If anybody not will able to use the dataset which I tested before publish my result then will him trust my conclusion and time results?
Sorry, if I created a problem for you have any problems by publishing my VBA code.
Regards,
 
Hi All, hi Ken!
Nice challenge!

Here is my attempt #1:
Code:
// challenge6_codelet
    Source = Excel.CurrentWorkbook(){[Name="Data"]}[Content],
    #"Changed Type" = Table.TransformColumnTypes(Source,{{"InvoiceID", Int64.Type}, {"ItemID", type text}, {"Quantity", type text}, {"Price", type text}}),
    #"Added Custom" = Table.AddColumn(#"Changed Type", "tolist", each Table.FromColumns(List.Transform({[ItemID]}&{[Quantity]}&{[Price]},each Text.Split(_, "#(lf)")), {"ItemID","Quantity","Price"})),
    #"Removed Columns" = Table.RemoveColumns(#"Added Custom",{"ItemID", "Quantity", "Price"}),
    #"Expanded {0}" = Table.ExpandTableColumn(#"Removed Columns", "tolist", {"ItemID", "Quantity", "Price"}, {"ItemID", "Quantity", "Price"}),
    #"Changed Type1" = Table.TransformColumnTypes(#"Expanded {0}",{{"ItemID", type number}, {"Quantity", type number}, {"Price", type number}})
in
    #"Changed Type1"
and here is my UI-only attempt - tried it just for fun:
Code:
// challenge6_UI
let
    Source = Excel.CurrentWorkbook(){[Name="Data"]}[Content],
    #"Changed Type" = Table.TransformColumnTypes(Source,{{"InvoiceID", Int64.Type}, {"ItemID", type text}, {"Quantity", type text}, {"Price", type text}}),
    #"Replaced Value" = Table.ReplaceValue(#"Changed Type","#(lf)",",",Replacer.ReplaceText,{"ItemID", "Quantity", "Price"}),
    #"Inserted Merged Column" = Table.AddColumn(#"Replaced Value", "1", each Text.Combine({[ItemID], [Quantity], [Price]}, "],["), type text),
    #"Added Prefix" = Table.TransformColumns(#"Inserted Merged Column", {{"1", each "[[" & _, type text}}),
    #"Added Suffix" = Table.TransformColumns(#"Added Prefix", {{"1", each _ & "]]", type text}}),
    #"Parsed JSON" = Table.TransformColumns(#"Added Suffix",{{"1", Json.Document}}),
    #"Added Custom" = Table.AddColumn(#"Parsed JSON", "2", each Table.FromColumns([1], {"ItemID", "Quantity", "Price"})),
    #"Removed Columns" = Table.RemoveColumns(#"Added Custom",{"ItemID", "Quantity", "Price", "1"}),
    #"Expanded {0}1" = Table.ExpandTableColumn(#"Removed Columns", "2", {"ItemID", "Price", "Quantity"}, {"ItemID", "Price", "Quantity"}),
    #"Changed Type1" = Table.TransformColumnTypes(#"Expanded {0}1",{{"ItemID", type number}, {"Quantity", type number}, {"Price", type number}})
in
    #"Changed Type1"
Have fun!
 
Hi AndVGri,

What do you mean by "Do not use mouse hardcode in M"?
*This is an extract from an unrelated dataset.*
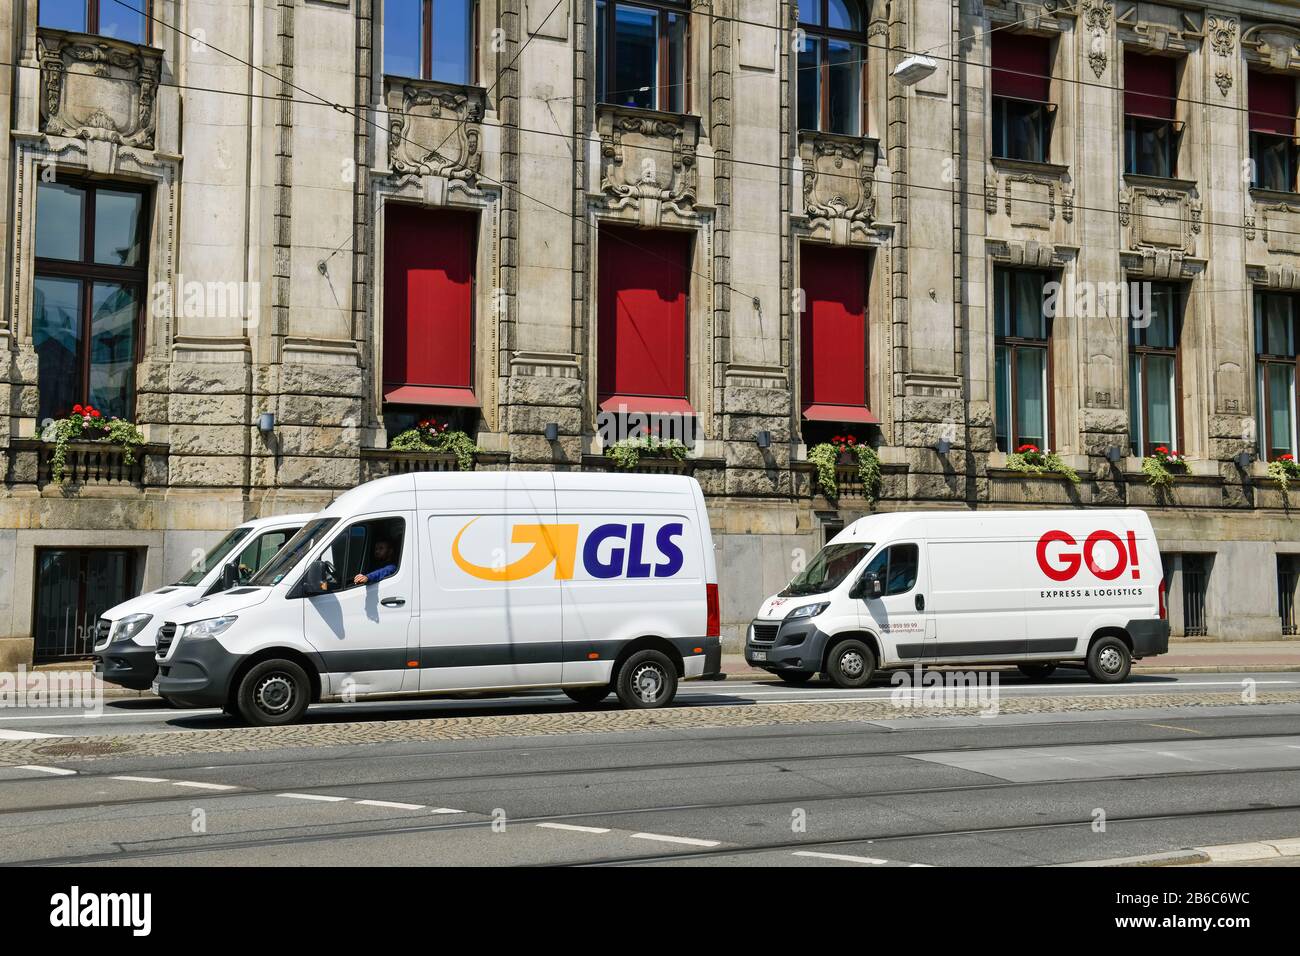 GLS Lieferwagen und GO!, Am Brill, Brema, Deutschland Foto Stock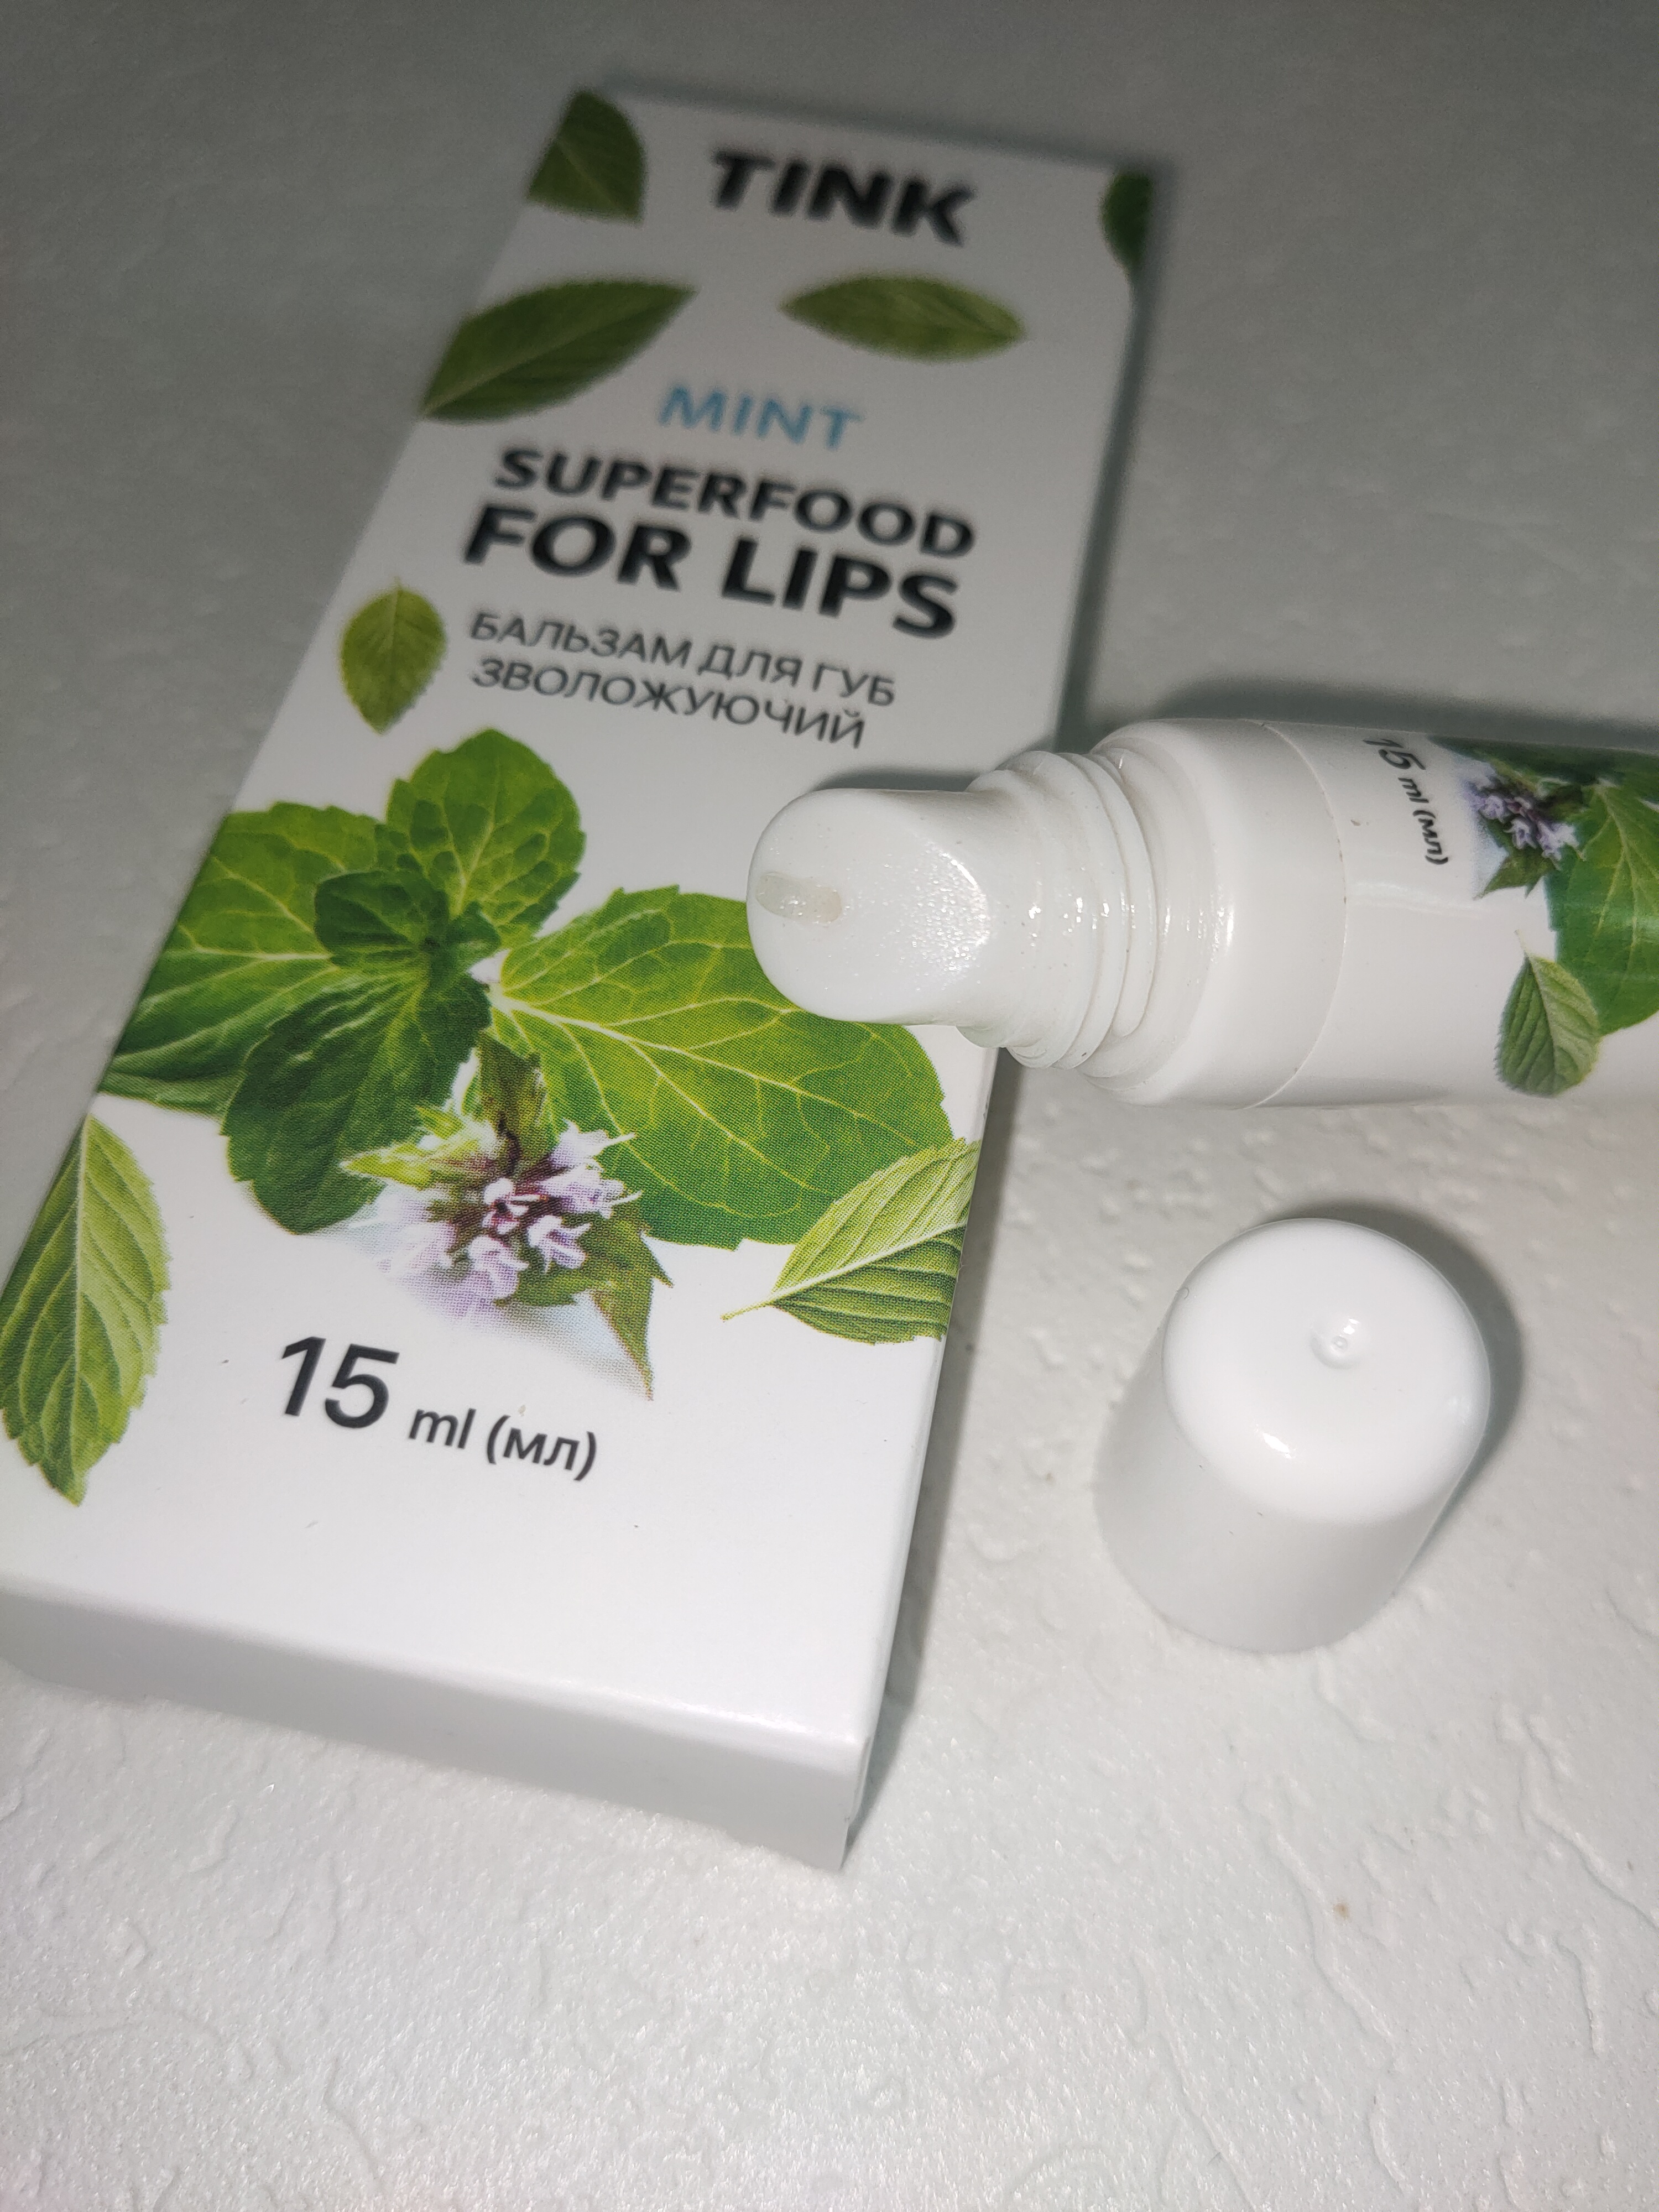 Охолоджувальний бальзам для губ "М'ята" Tink Superfood For Lips Mint

Also, you could have used the Table.Repeat, to replicate Ken's data to generate more lines.

Regards,
Mike

 

Also, you could have used the Table.Repeat, to replicate Ken's data to generate more lines.
Regards,
Mike
Yes, I did that. But with such dataset Ken's GroupAndSplit works with errors. It does not love repeating rows.
Regards,
 
Thank you for posting. Maybe you missed the point of the thread? It's not a request for help, but a PowerQuery challenge. The idea is to solve the problem using PowerQuery and it's just for fun. :)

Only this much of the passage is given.